Glad to know that the whimsy of the 'Ways' works like it should.  Its sole purpose is to steal readers away from the mortal coil into a realm of wonder and nonsense.

As always, thank you guys for the read and the replies.

Appreciated.

- D.


----------



## Darkkin (Jan 8, 2018)

Double post, ignore...


----------



## creative_mind (Jan 9, 2018)

Really nice one!!!!! :thumbl:


----------



## poski11 (Jan 9, 2018)

I do enjoy the Villanelle I think it’s a good fit for this poem, because of the flow and movement of the dancer. “skin pressing skin, dance upon eggshells,delicate ice” and “One fall, again, marks twice. Damn fool; trying thrice.” I also like that refrain A keeps bringing me back to the difficulty that the dancer faces between balance and strength. And how refrain B Keeps me in the moment of the persistence needed.
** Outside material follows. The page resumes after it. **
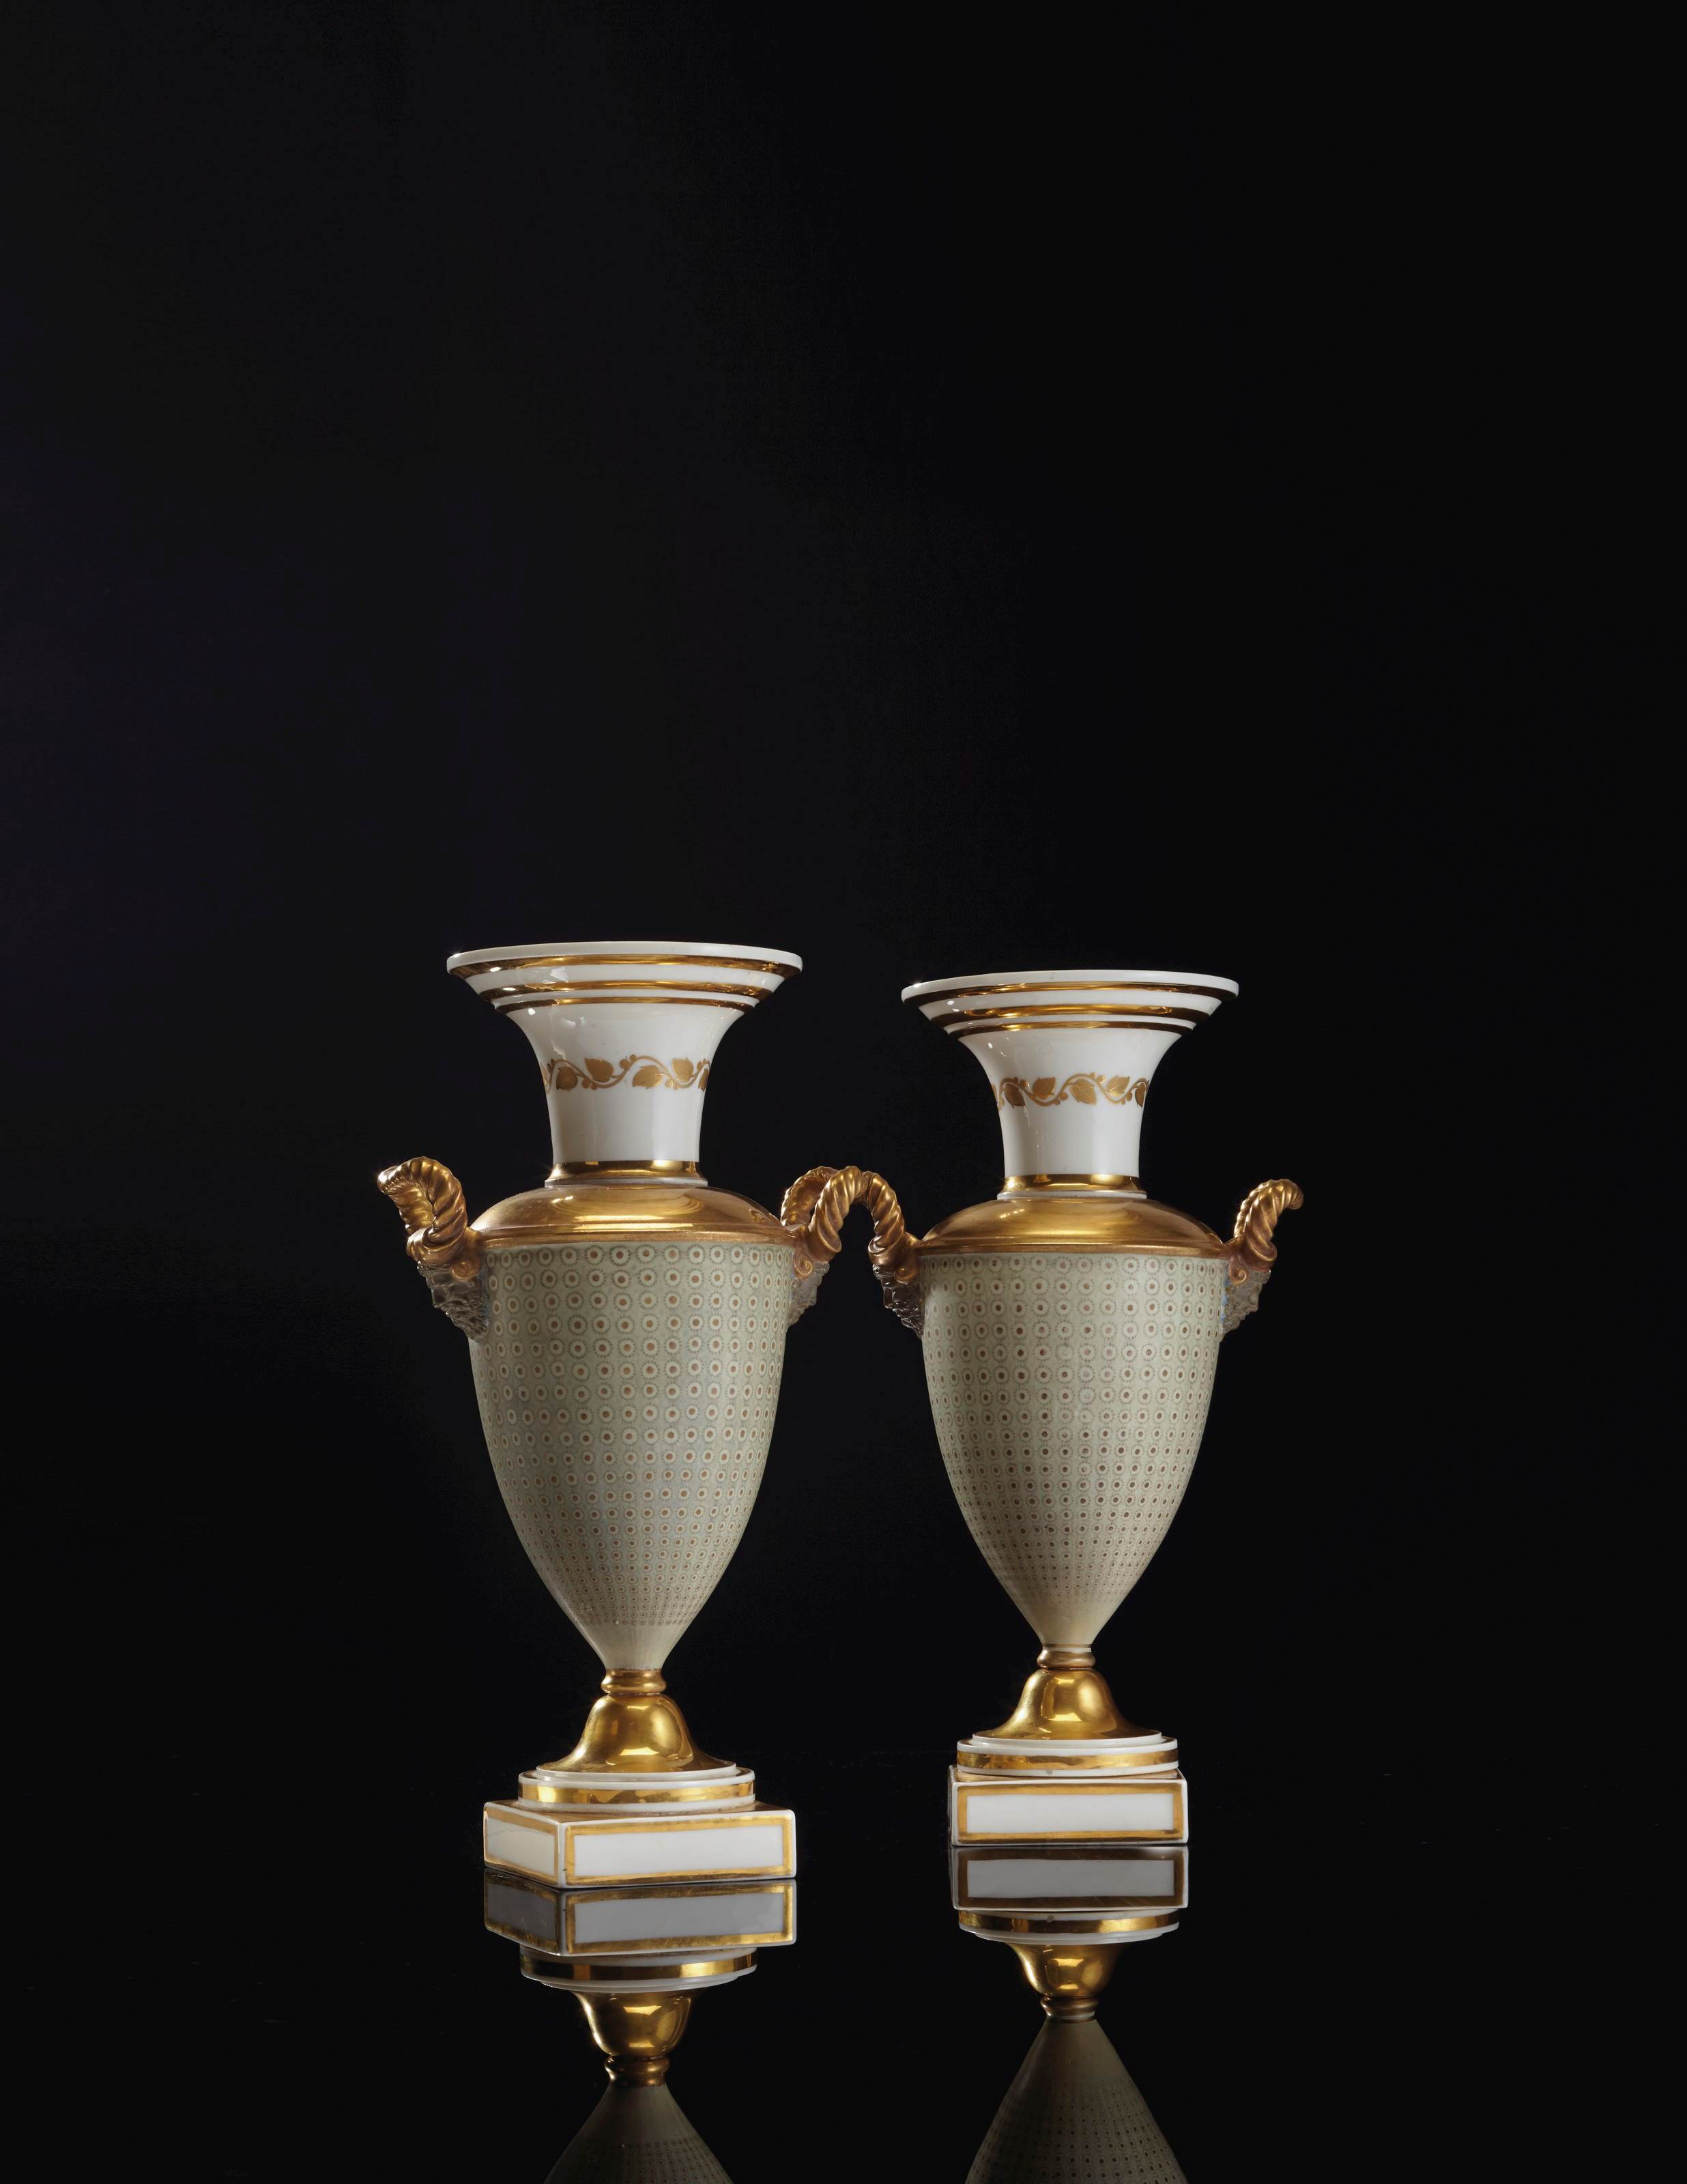 A PAIR OF PARIS GOLD AND CELADON GROUND PORCELAIN VASES

Your response to Kevin’s post about the difficulty of dancing helped bring the poem together for me.

After a many readings (and Kevin's interpretation) I can now  let “Soul touching sole…” and “Soul speaking through soles…” really get to me on a much deeper level.


----------



## ArianSpirit (Jan 9, 2018)

I enjoyed this poem, not my style honestly but a nice read and I'm sorry I am new here and getting to know the talent. I will have to come back and read again before I could give you any advice


----------



## TuesdayEve (Jan 9, 2018)

I very much like the poem, the imagery, really is
lovely. I do have one bump, two lines, S1 L1 & L3
both are beautiful words and I love rhyme in L3
 but by the end of the poem they lost their beauty 
to the repetition. I think they are good enough 
to be repeated but maybe just twice.


----------



## Darkkin (Jan 9, 2018)

Highly specific form of poetry with this piece, a form that is repeated over the course of the narrative's sequence.  The villanelle, an old French form that functions almost as a round, a pattern that cannot be broken.  Geometic, concise, precise...Just like the discipline and movements of the cygnet's dance.  Athlete, musicians, dancers...All of those dedicated to their craft knomw the process, fall, stand up, try again...Over and over, until the rhythm catches, holds.  The count...one, two, three.  Words echo what the muscles know.  It is the tessellated reflection of an autistic brain.  A two prime count in a three prime form with a counterpoint prime of one.  Pattern, geometry, music, poetry, all have foundations in the senses.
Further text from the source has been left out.